Draft a 600-word LinkedIn article: "What I Learned Building ML Projects as a Wet-Lab Scientist." Structure: (1) why I did this — the gap I saw, (2) the biggest surprise — feature engineering matters more than model choice for biological data, (3) where domain expertise beats algorithms — interpreting feature importance, catching batch effects, knowing which questions matter, (4) what I'd tell other scientists. Make it personal, specific, and link to 2-3 GitHub projects.
Write a 1-page proposal for an ML project at a pharma company: "Predicting Compound Hepatotoxicity Risk from Molecular Descriptors and In Vitro Assay Data." Include: Business Case (why), Data Available (what we have), Approach (how, including baseline and ML models), Expected Impact (what changes if it works), Timeline (4-6 weeks), Risks (batch effects, sample size, label quality).
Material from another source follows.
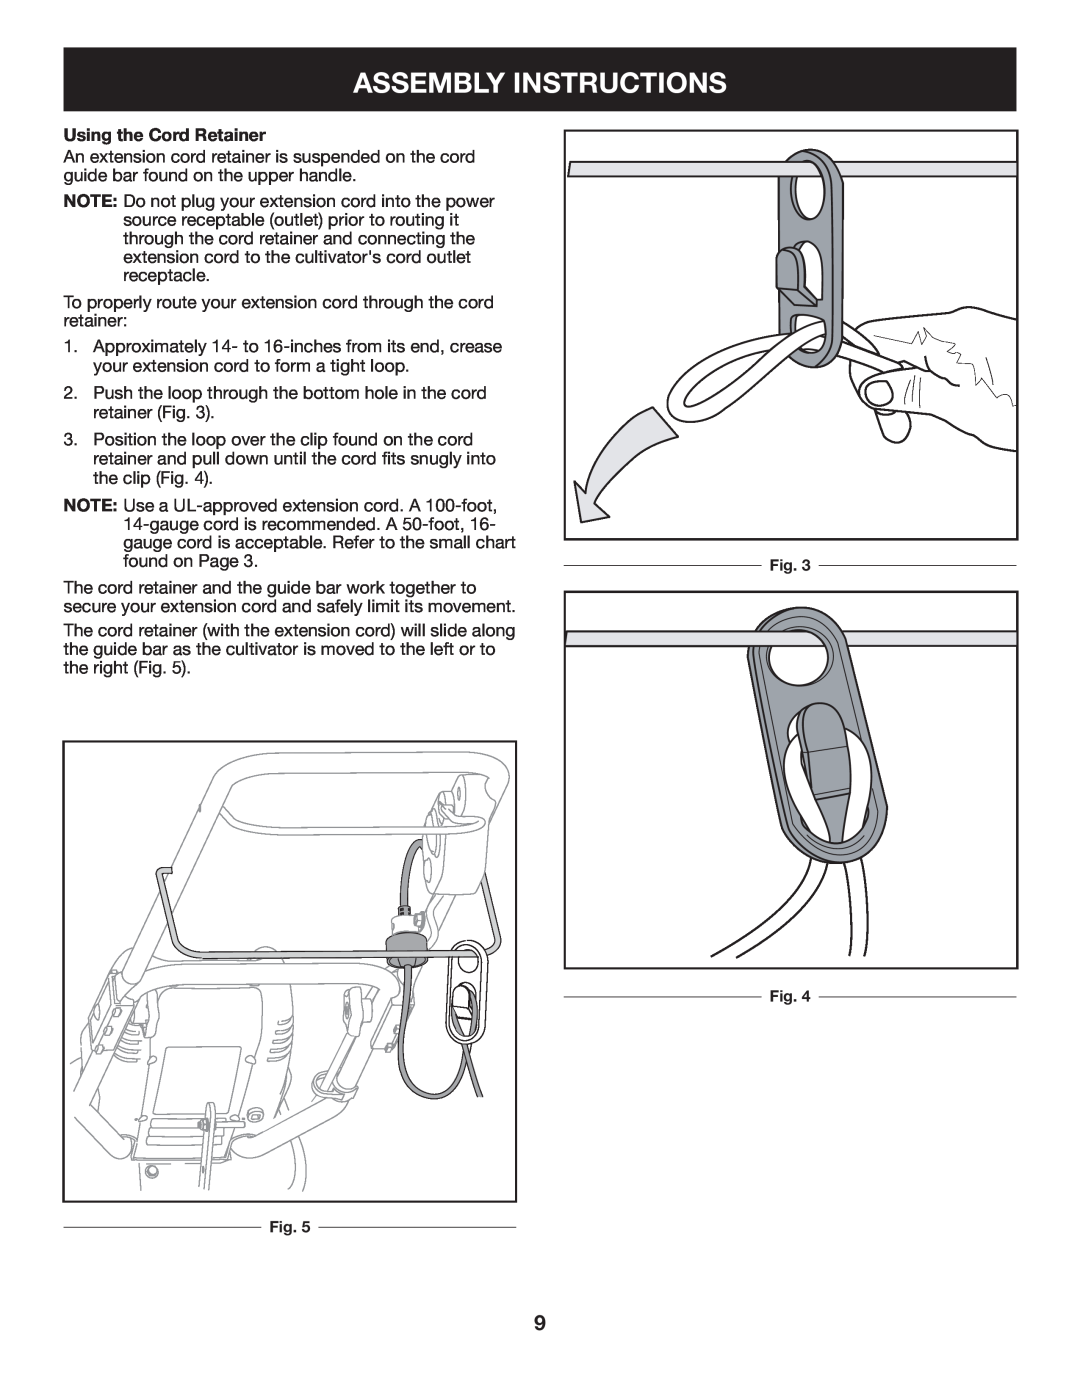 Craftsman 316.2926 manual Assembly Instructions, Using the Cord Retainer 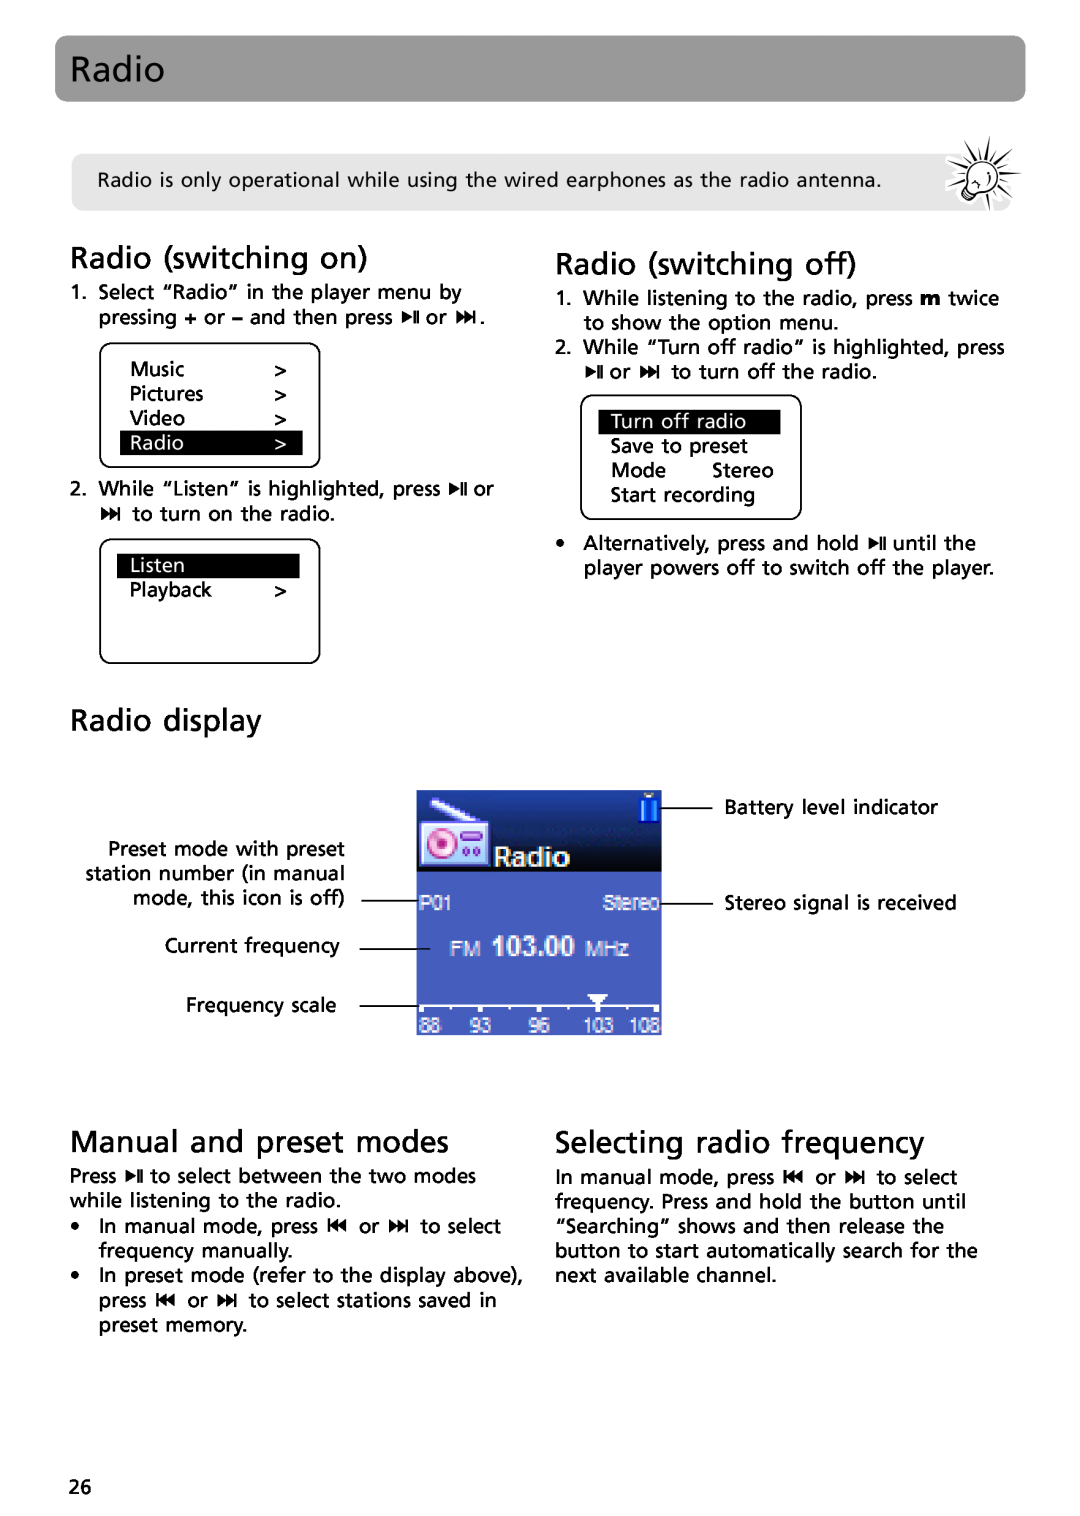 RCA S2502 Radio switching on, Radio switching off, Radio display, Manual and preset modes, Selecting radio frequency

Keep it concise enough for a director to read in 3 minutes.
What This Module Demonstrates
  • Systems thinking — Connecting data generation to modeling to deployment. This is what leaders do.
  • Communication — Explaining ML to biologists and biology to ML engineers. Your bridge role.
  • Strategic thinking — Knowing which problems are worth solving with ML and which aren't.
  • You already wrote "Scientists Must Leverage, Not Compete with, AI Systems" — now you have the portfolio to back it up.

Complete Resource Library

Biological Datasets

Python Libraries

  • pandas, numpy — Data manipulation
  • scikit-learn, xgboost — ML
  • matplotlib, seaborn, plotly — Viz
  • streamlit — Data apps
  • transformers — Bio foundation models
  • biopython — Sequence handling
  • pydeseq2 — Differential expression
  • umap-learn, shap — Viz + explainability
  • anthropic — Claude API

Your Project Portfolio

  • bench2bytes-workspace — Dev setup
  • lab-data-processor — Plate QC + dose-response
  • gene-expression-explorer — RNA-seq EDA
  • toxicity-classifier — First ML model
  • compound-activity-predictor — Regression
  • protein-embedding-explorer — ESM-2
  • immune-signature-classifier — Transcriptomics ML
  • cell-phenotype-classifier — Deep learning
  • drug-safety-dashboard — Streamlit app
  • biopaper-mining-tool — LLM extraction
  • ml-ready-bio-data — Data strategy
  • compound-ml-pipeline — Capstone

Congratulations. You've built 12 projects, deployed 2 apps, and positioned yourself at the intersection of biology and AI.